* [Data provided]
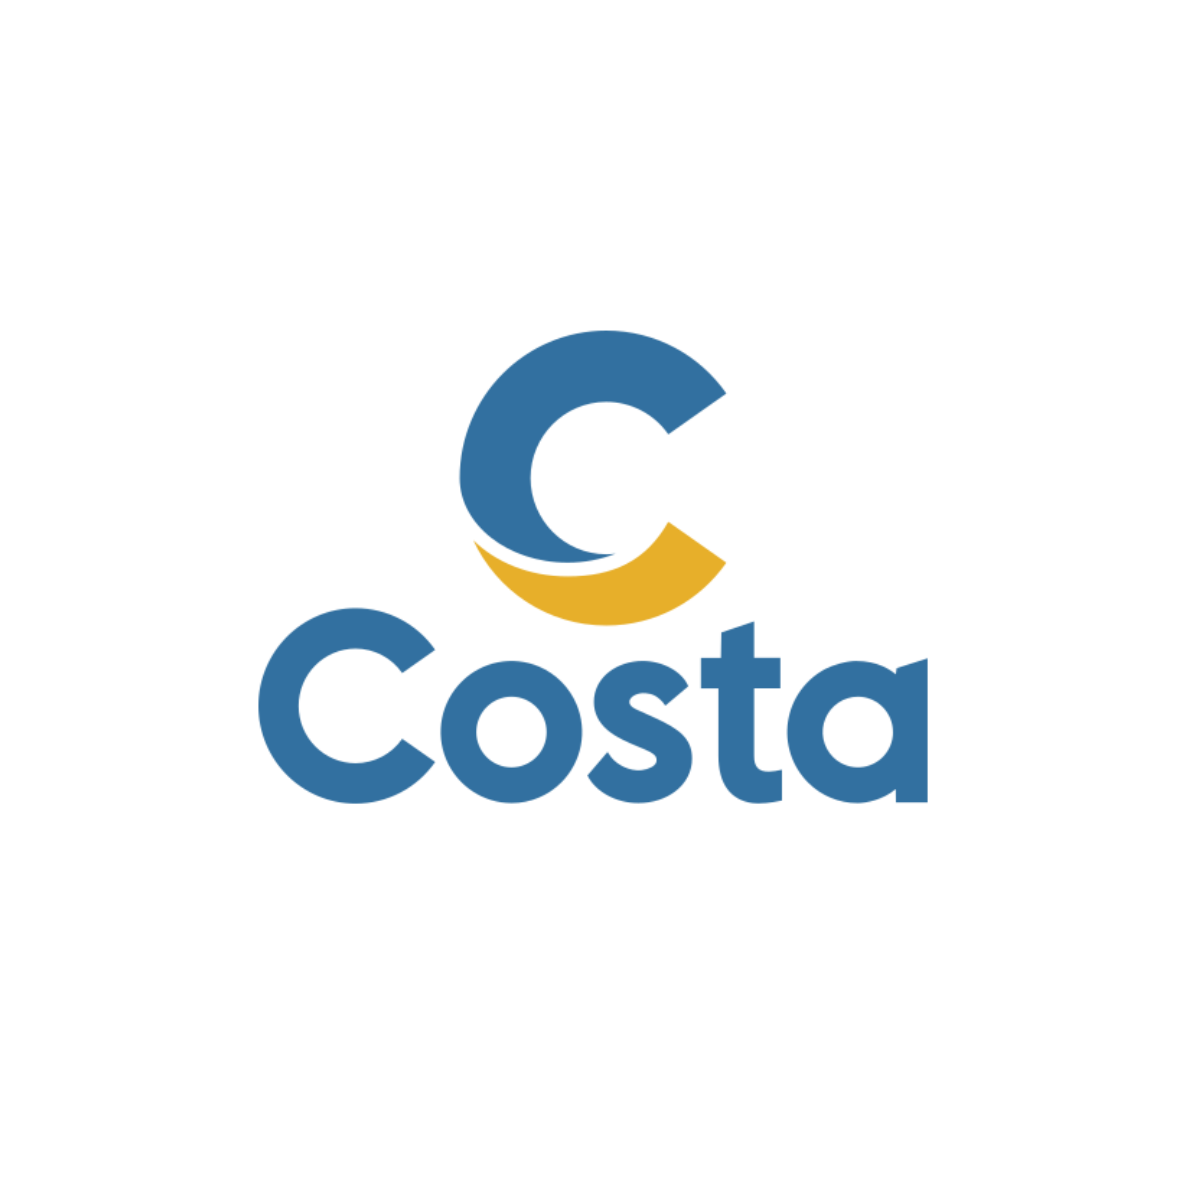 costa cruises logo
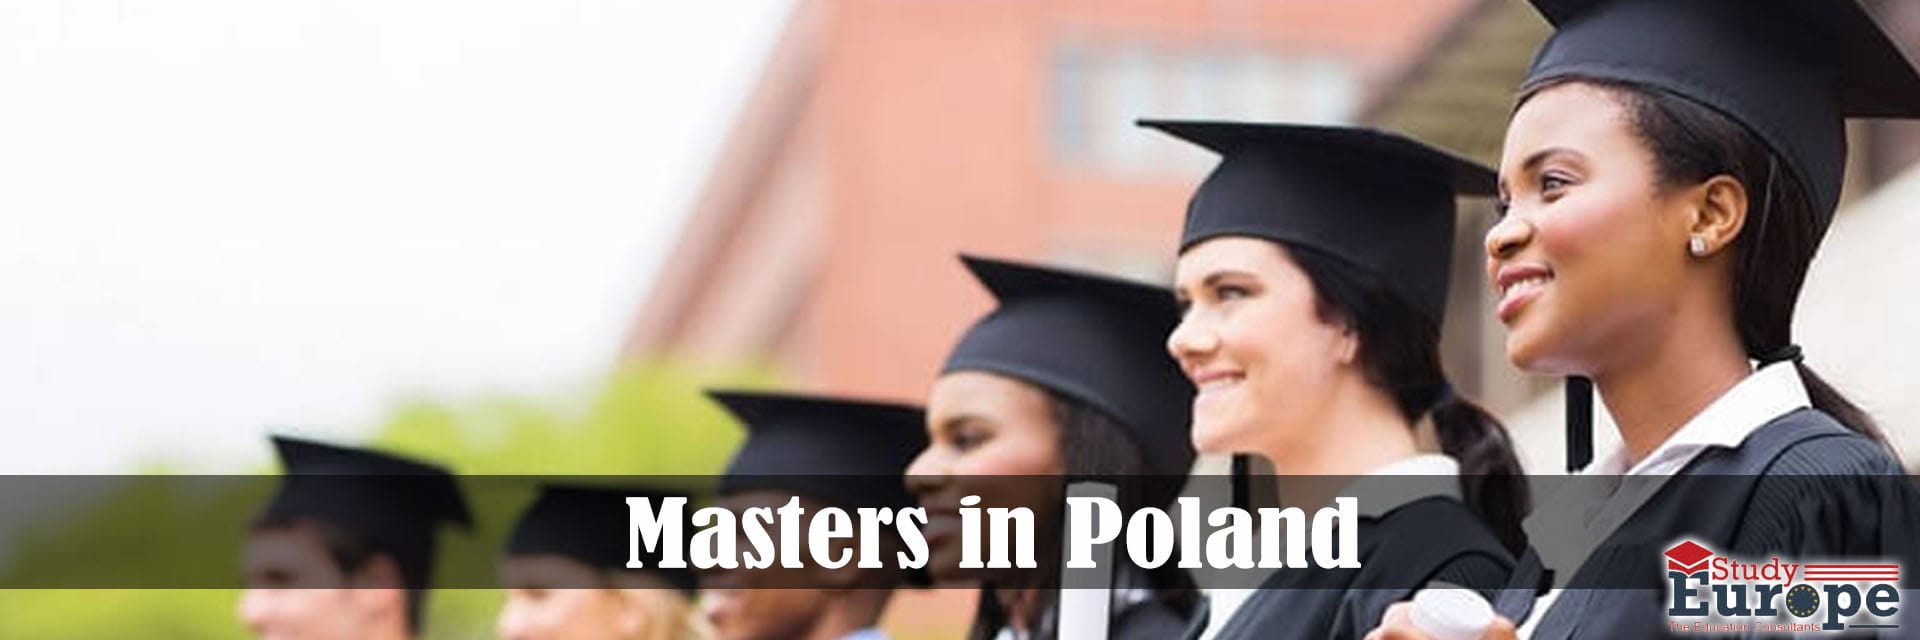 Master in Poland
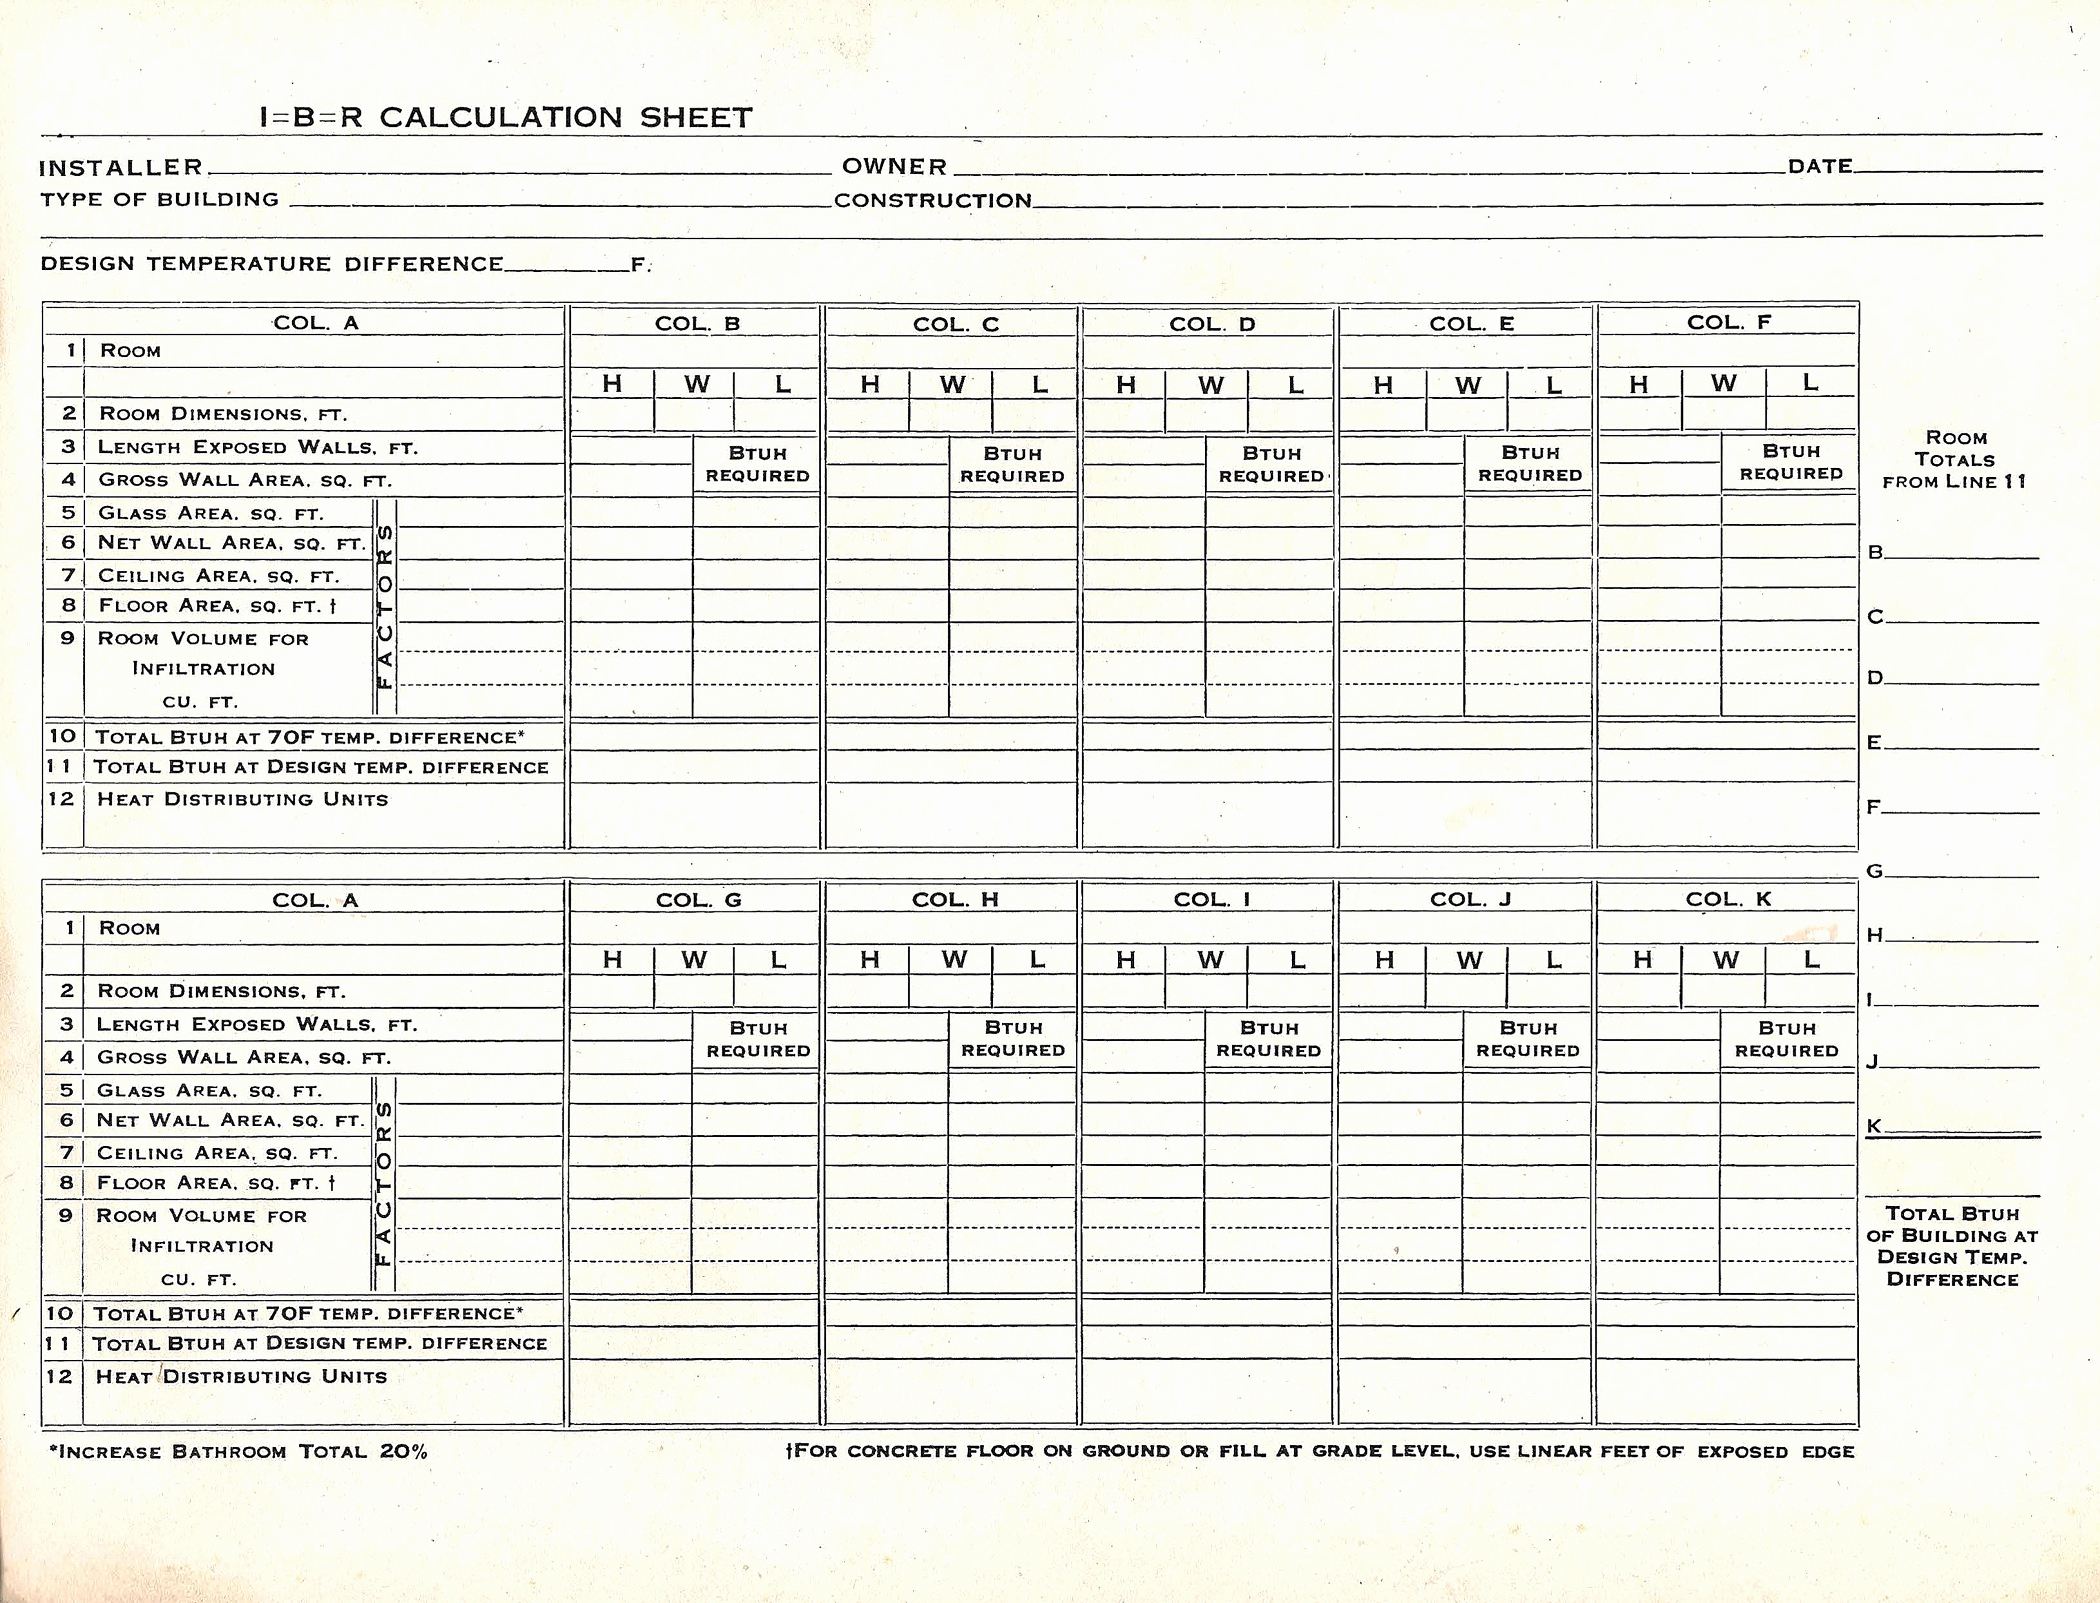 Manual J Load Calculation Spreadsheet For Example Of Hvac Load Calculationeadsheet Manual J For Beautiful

* [Your goal] The whole listing is to be duplicated verbatim, apart from its images.

* [Problem solution]
 costa cruises logo
 Master in Poland
 Manual J Load Calculation Spreadsheet For Example Of Hvac Load Calculationeadsheet Manual J For Beautiful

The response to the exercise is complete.